WHAT THE TASK ASKS =>
From the listing below, reproduce exactly the lines starting with the one with "French bronze and" and going on through the one with "A beautiful and", both ends kept. No picture is copied.

RECORDS FOR THIS EXERCISE =>
----

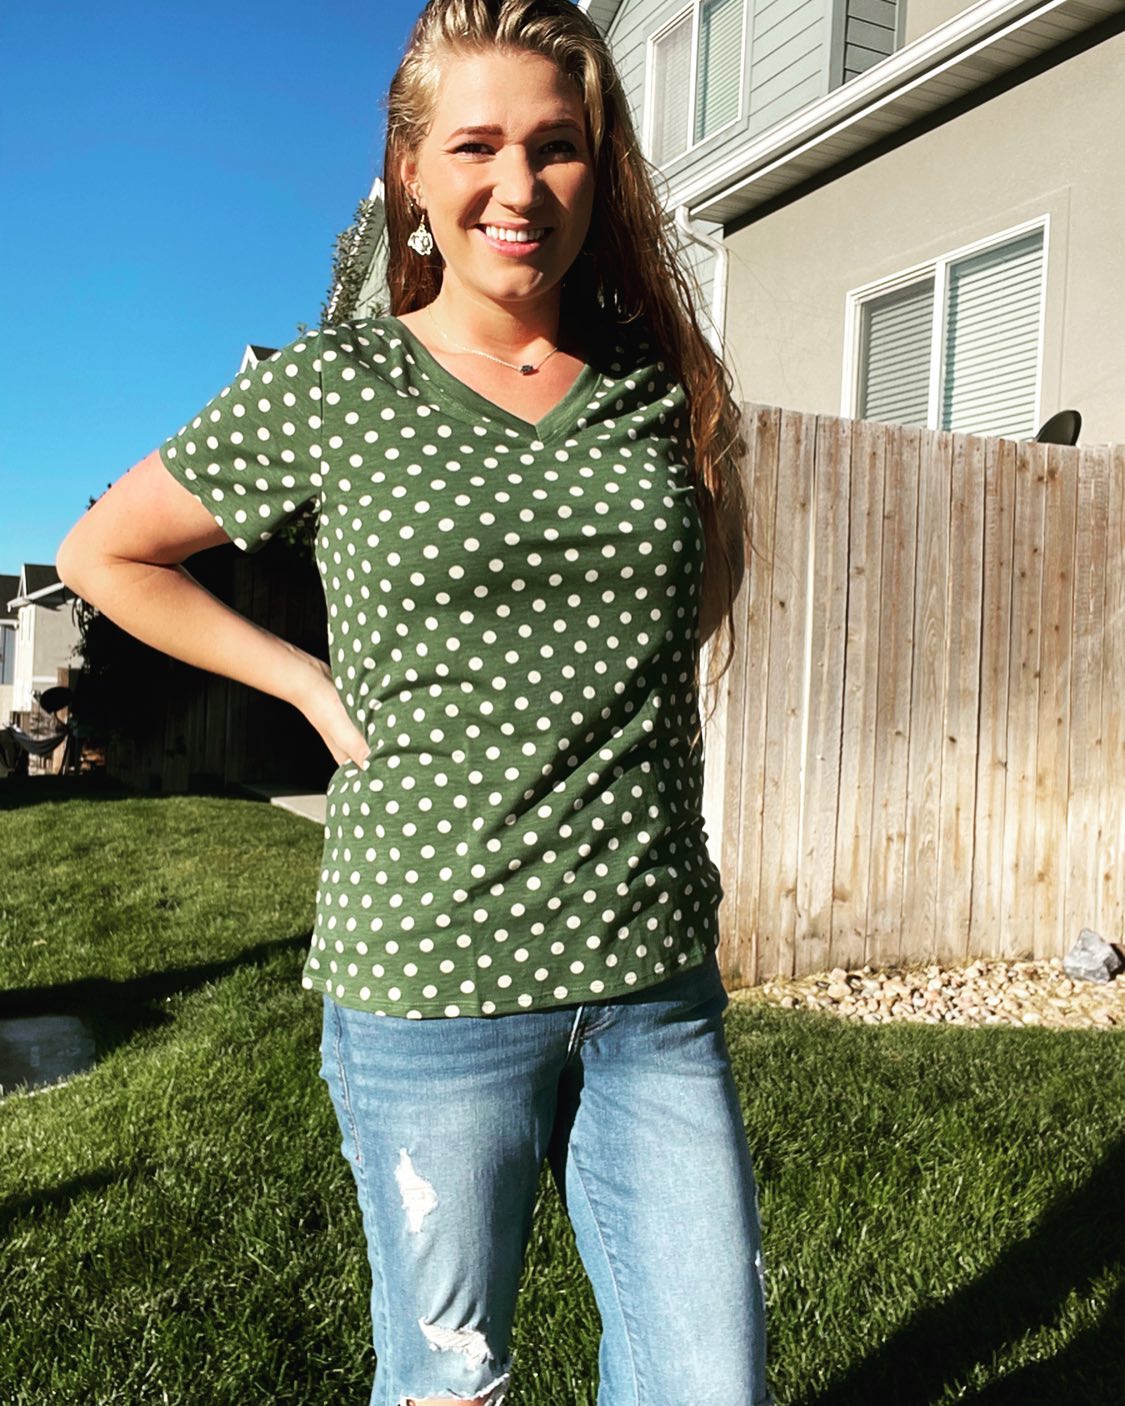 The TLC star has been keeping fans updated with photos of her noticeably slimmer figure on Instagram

----

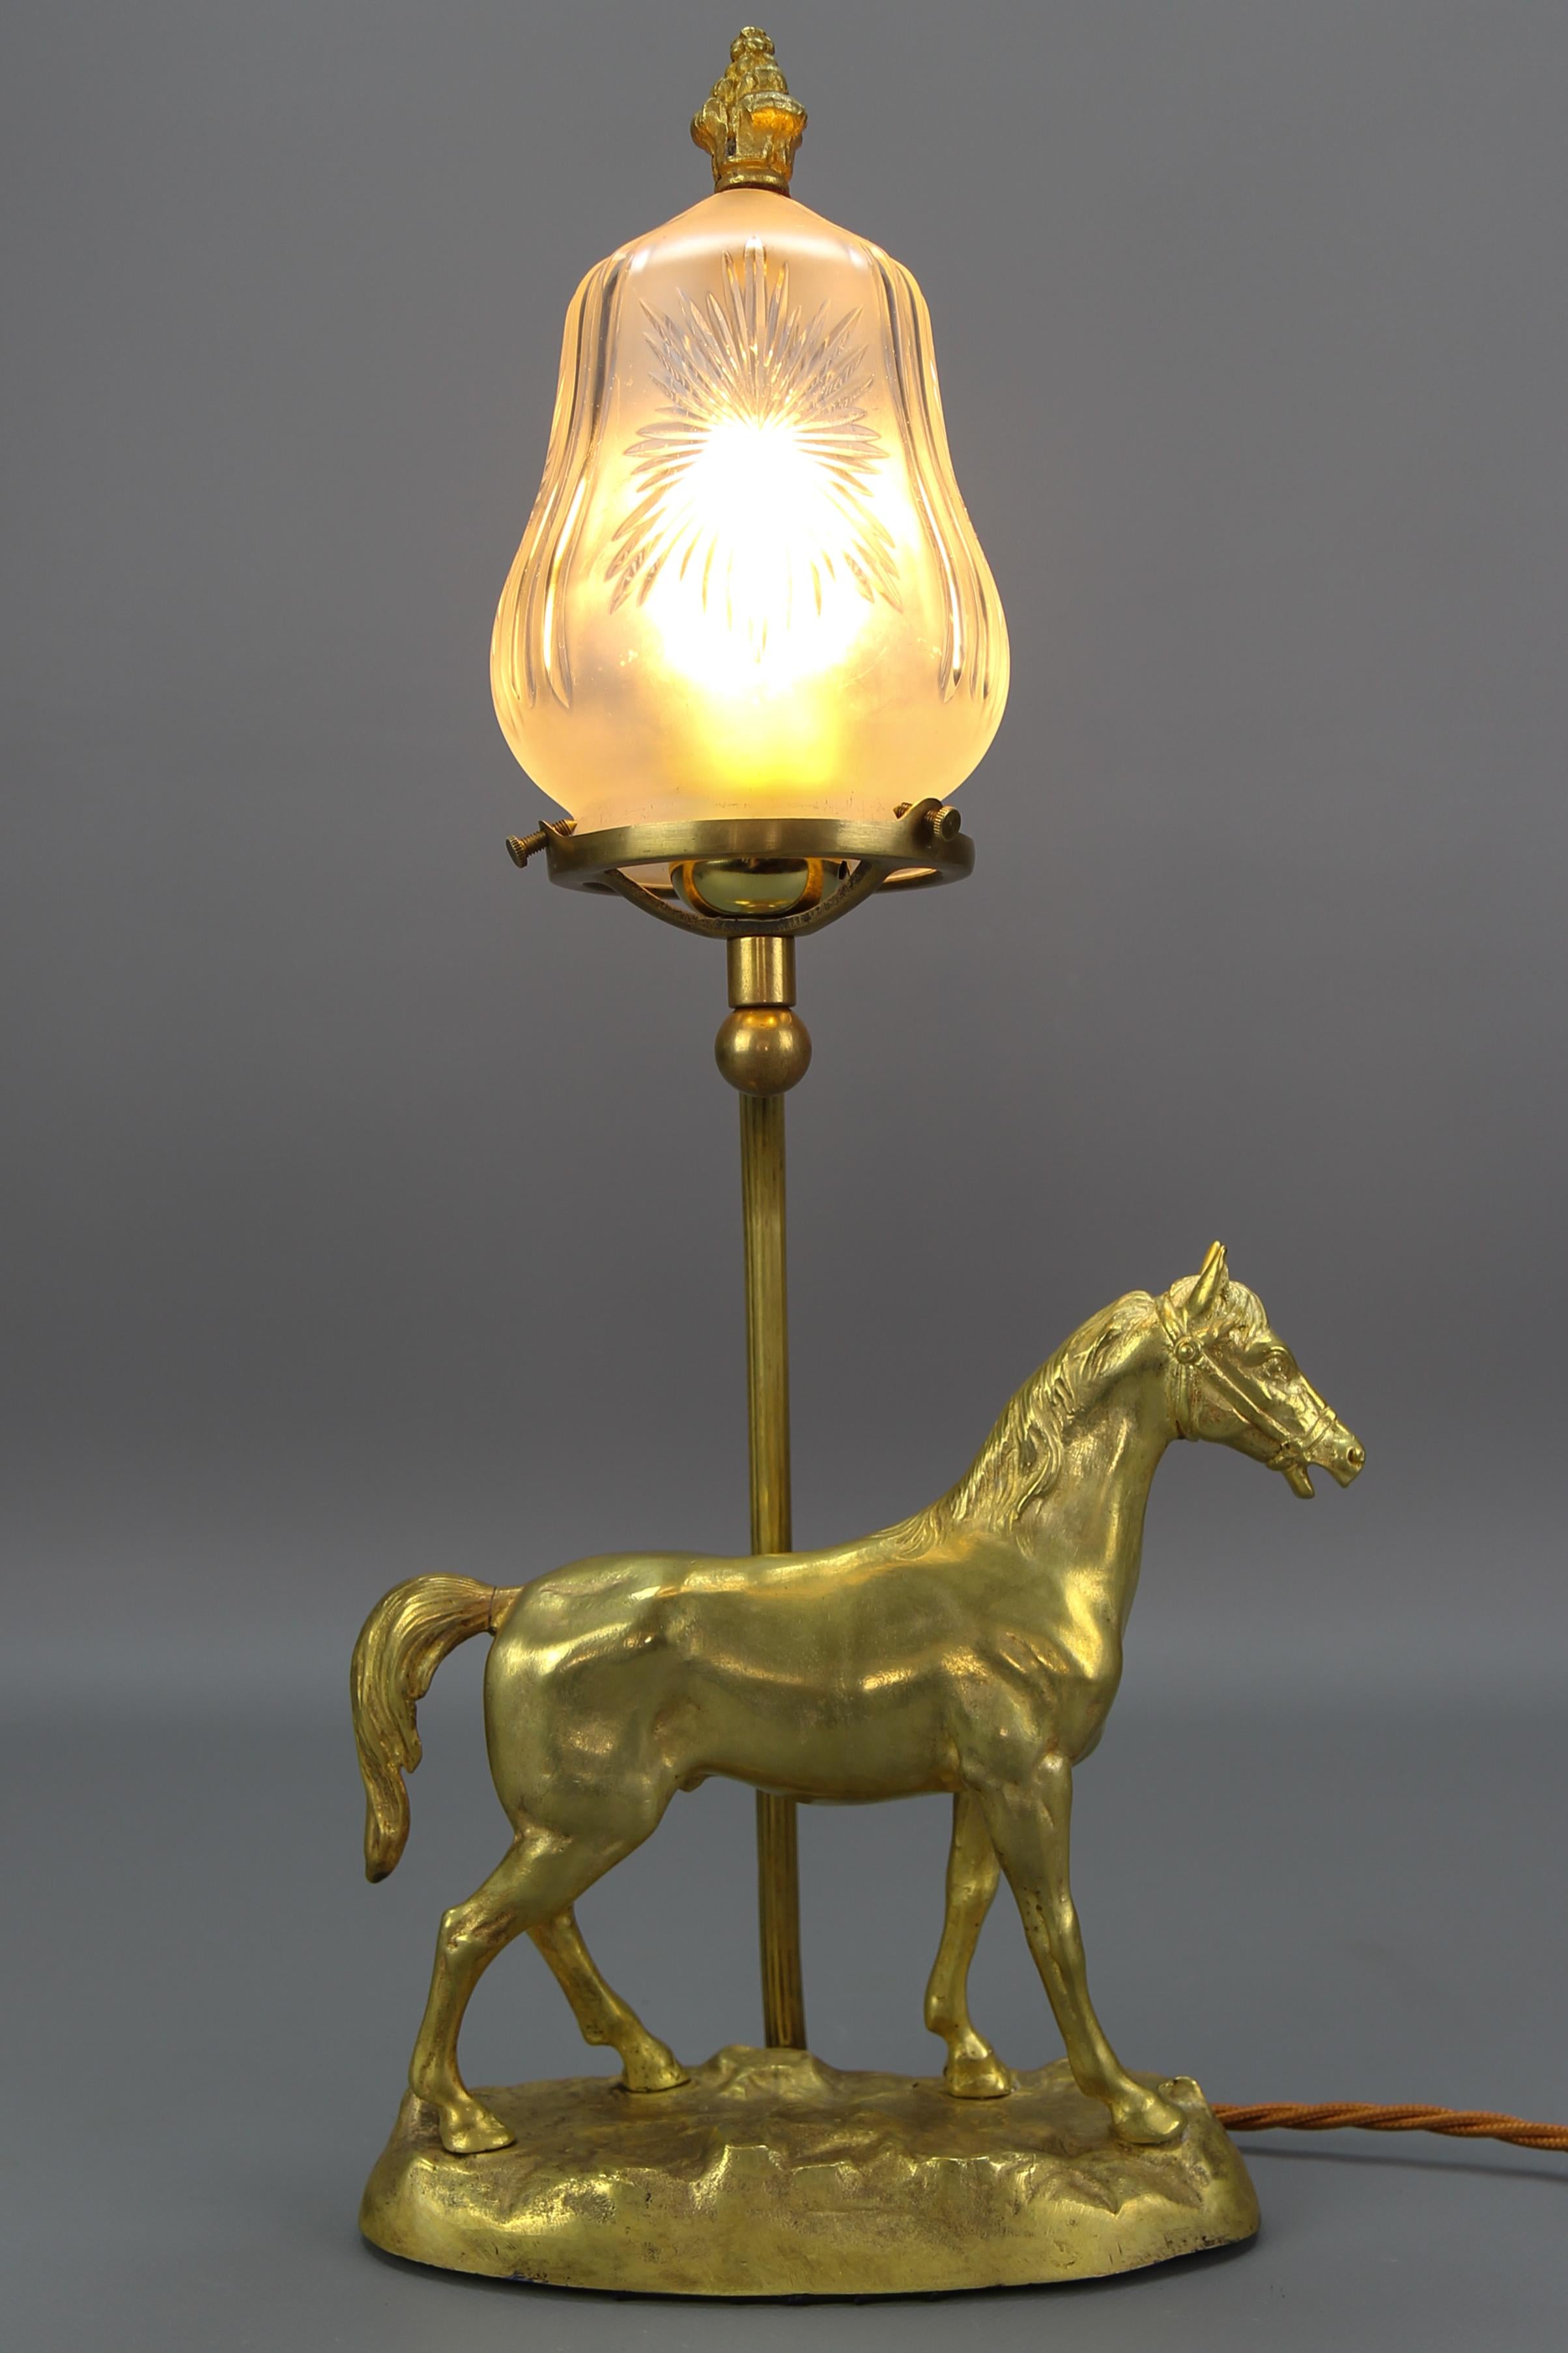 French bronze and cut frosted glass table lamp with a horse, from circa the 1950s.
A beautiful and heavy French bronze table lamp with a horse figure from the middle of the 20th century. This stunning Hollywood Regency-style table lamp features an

----

SOLUTION FOR THIS PROBLEM =>
 French bronze and cut frosted glass table lamp with a horse, from circa the 1950s.
A beautiful and heavy French bronze table lamp with a horse figure from the middle of the 20th century. This stunning Hollywood Regency-style table lamp features an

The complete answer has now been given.